Data protects our emotions
I love that Kelsey talks about how data actually ends up protecting your emotions in the long run. So many coaches cry every day. We love everyone we see, and we want to save the world all the time. We have these huge hearts that shy away from numbers and data. But Kelsey marries the two in a way that lets us protect our big hearts so we can do more.
Kelsey says whether you’re just starting out or you’ve been in the game but feel like nothing is hitting – it's important to remind yourself you’re in it for the long game. When you're in the trenches, it doesn't feel fun, it feels hard and feels heavy, and you feel like you're constantly problem-solving. But if you recognize, "I'm not in this for the next year or the next six months, I'm in this for the next 10 years," you start to think a bit differently.

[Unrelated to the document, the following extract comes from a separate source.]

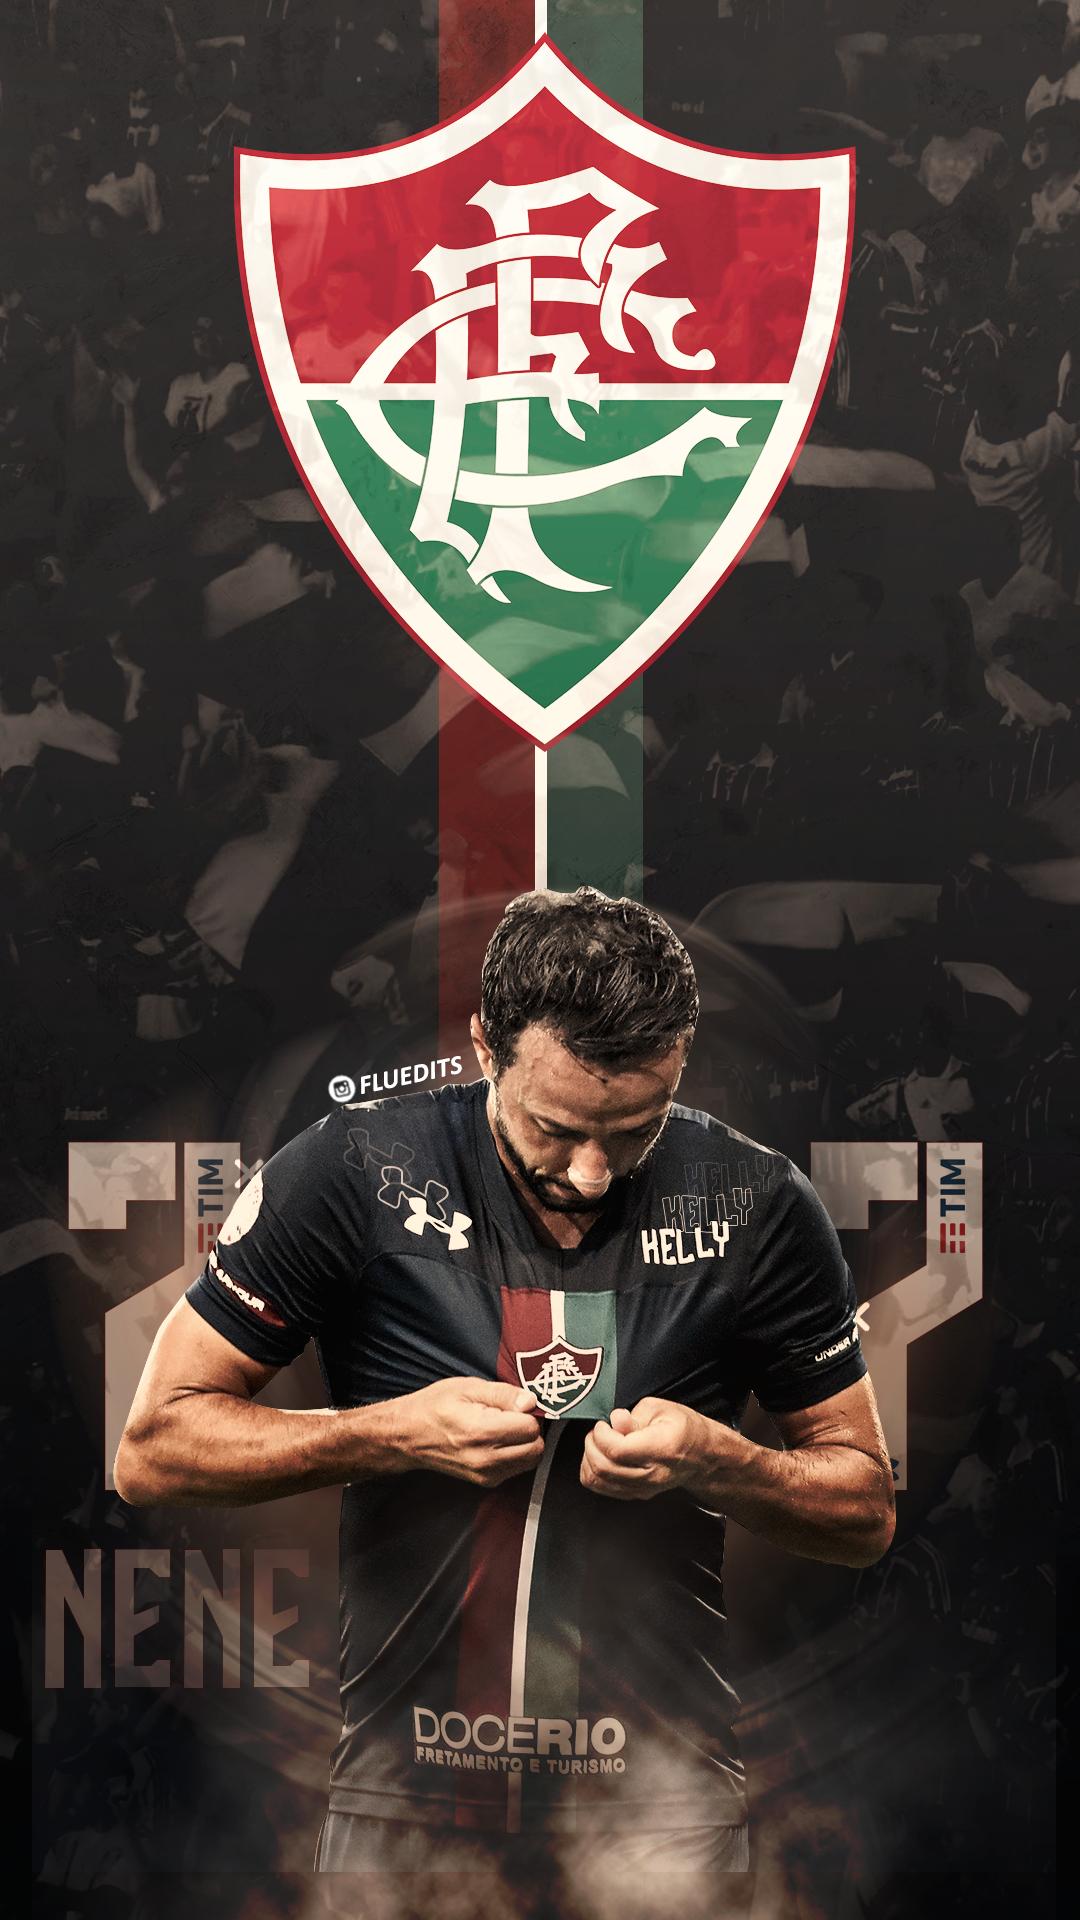 Wallpaper Nene Fred Fluminense Camisa Fluminense Imagens Fluminense
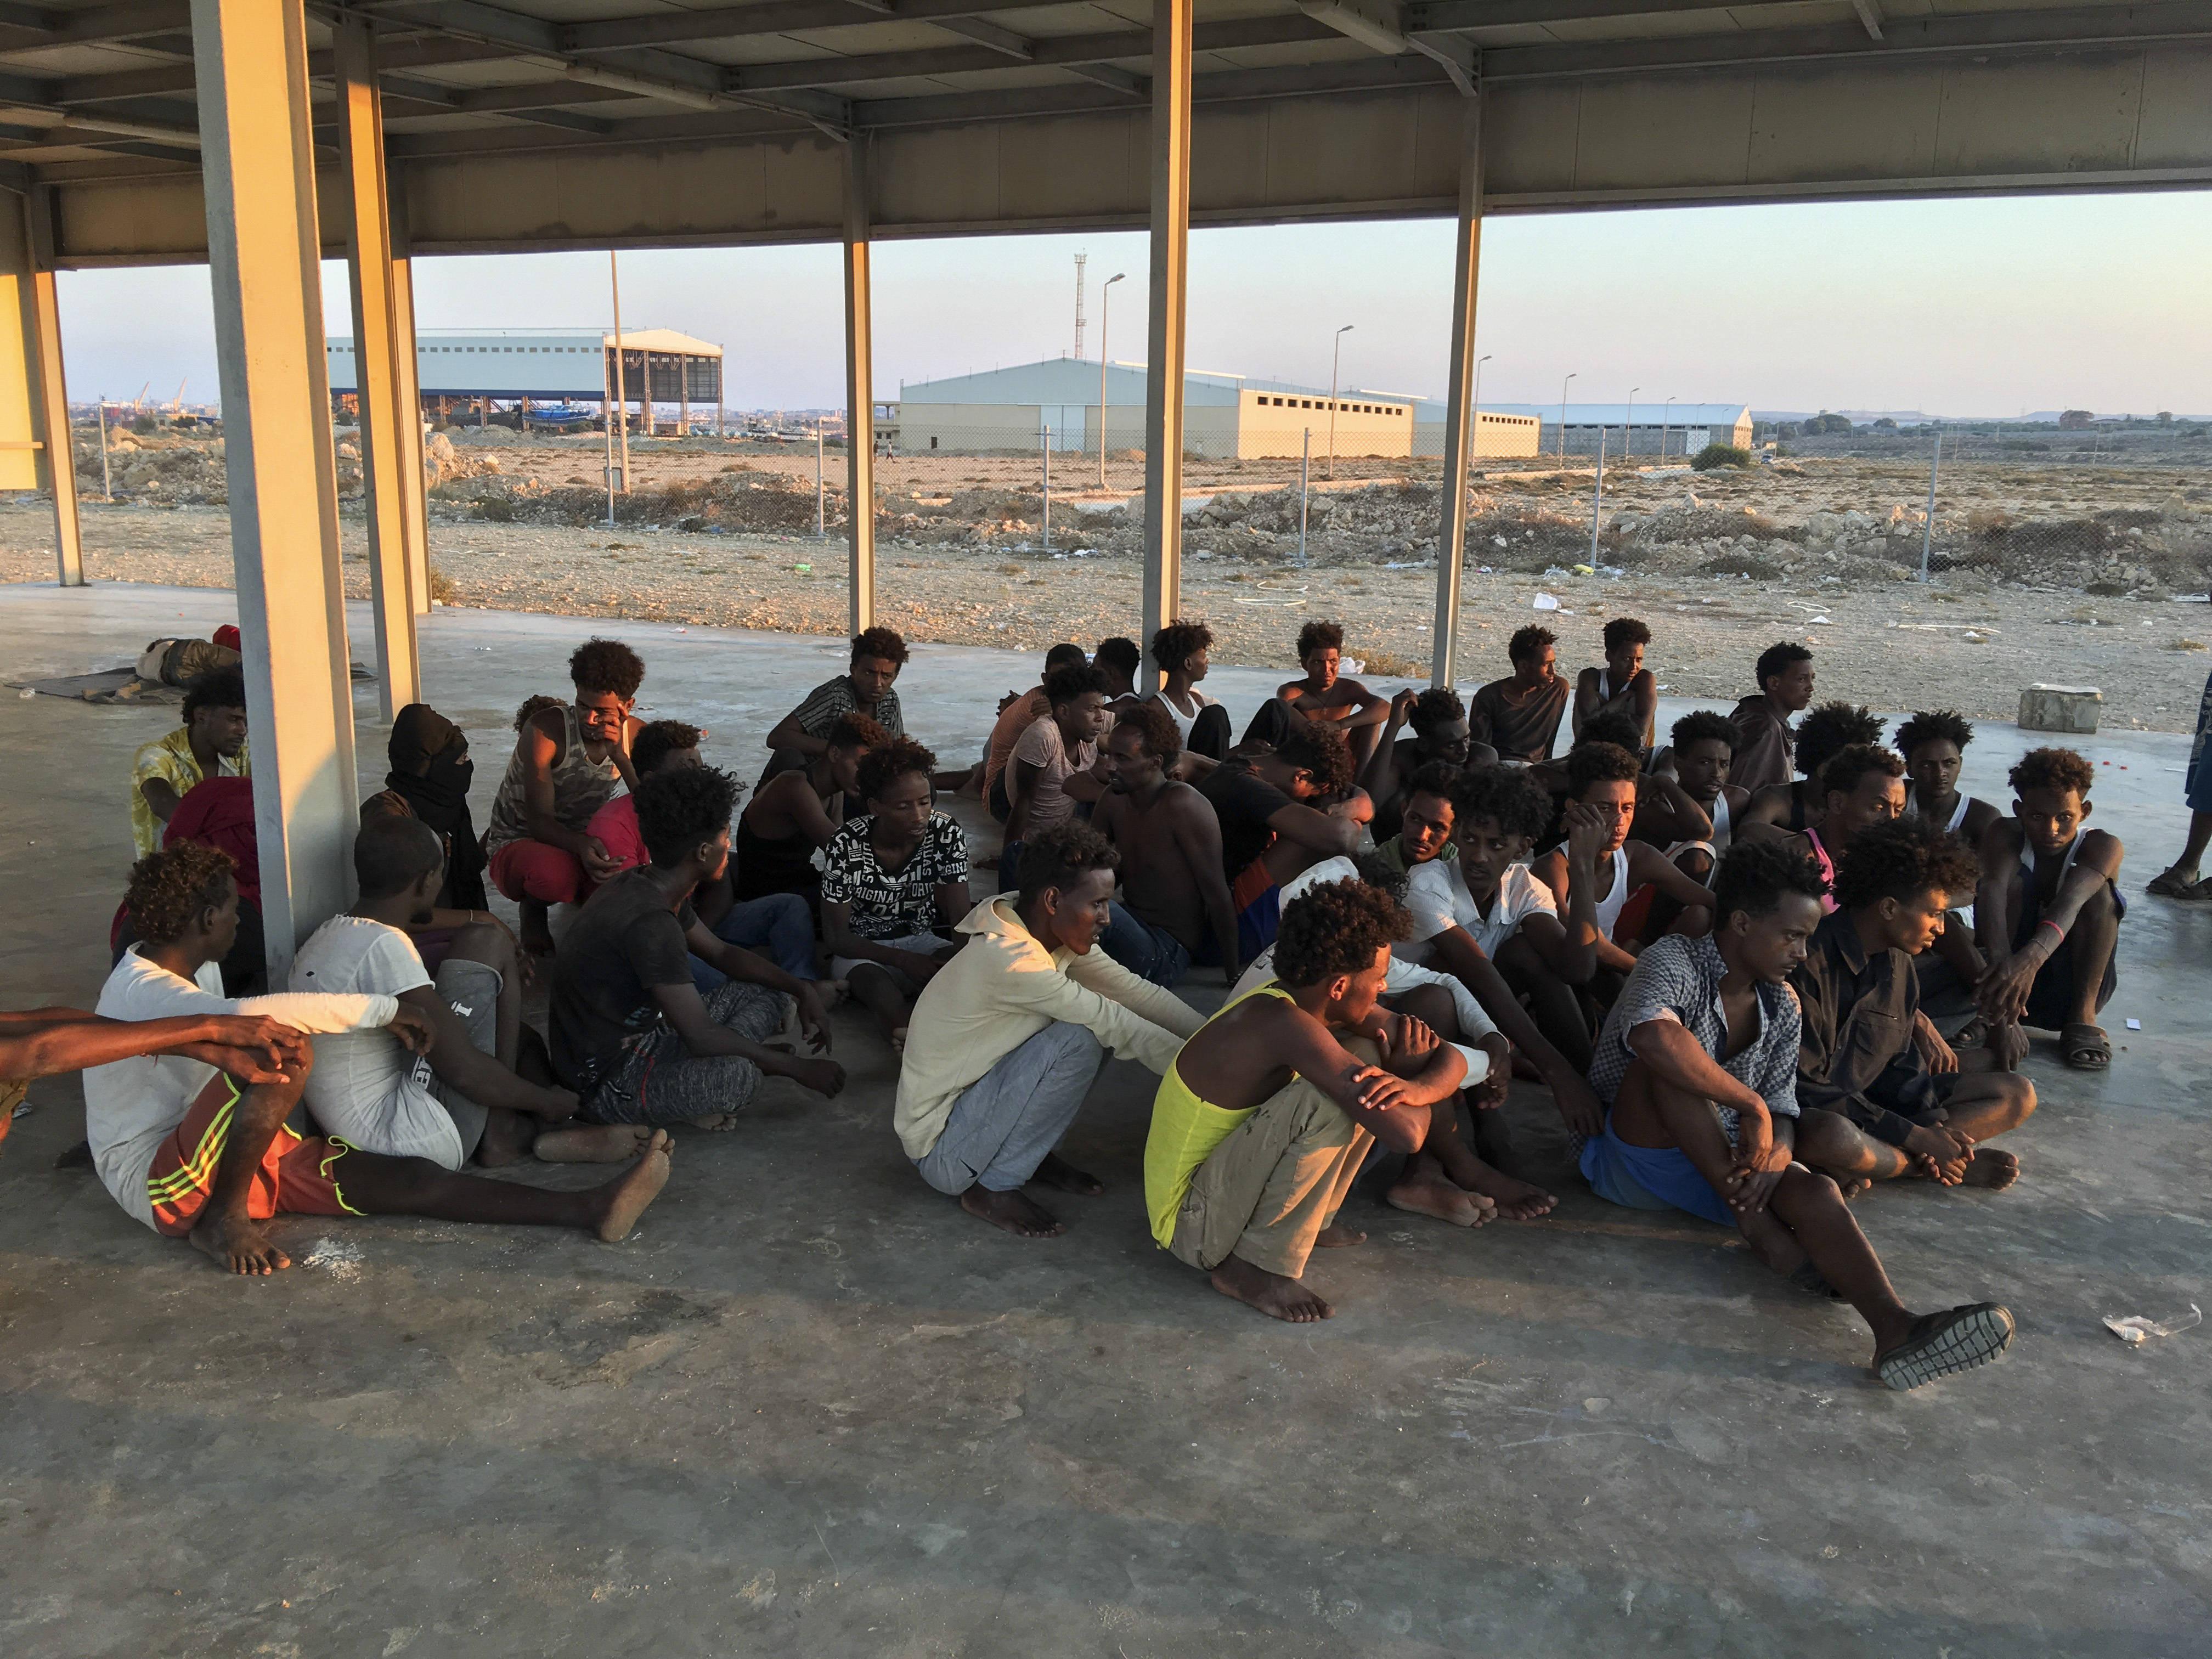 Les migrants rescapés après le naufrage d'une embarcation le jeudi 25 juillet s'installent sur une côte à environ 100 kilomètres à l'est de Tripoli, en Libye.

It takes the pressure off. You’re in a season of learning. You can create an environment that makes this more fun and more enjoyable. You can have these beautiful relationships like in a Mastermind, where you fall in love with these people, and they become like family, and you refer each other. Look at this as a long-term investment.
It's such a mindfulness exercise. You're not so in the nitty gritty kind of narrow-minded head-down space. All of a sudden, you lift your head up; you rise up 30,000 feet, and you look at your business, and you look at your family, and you look at your year. And you think about yourself one year from now. It shifts the entire experience from the moment.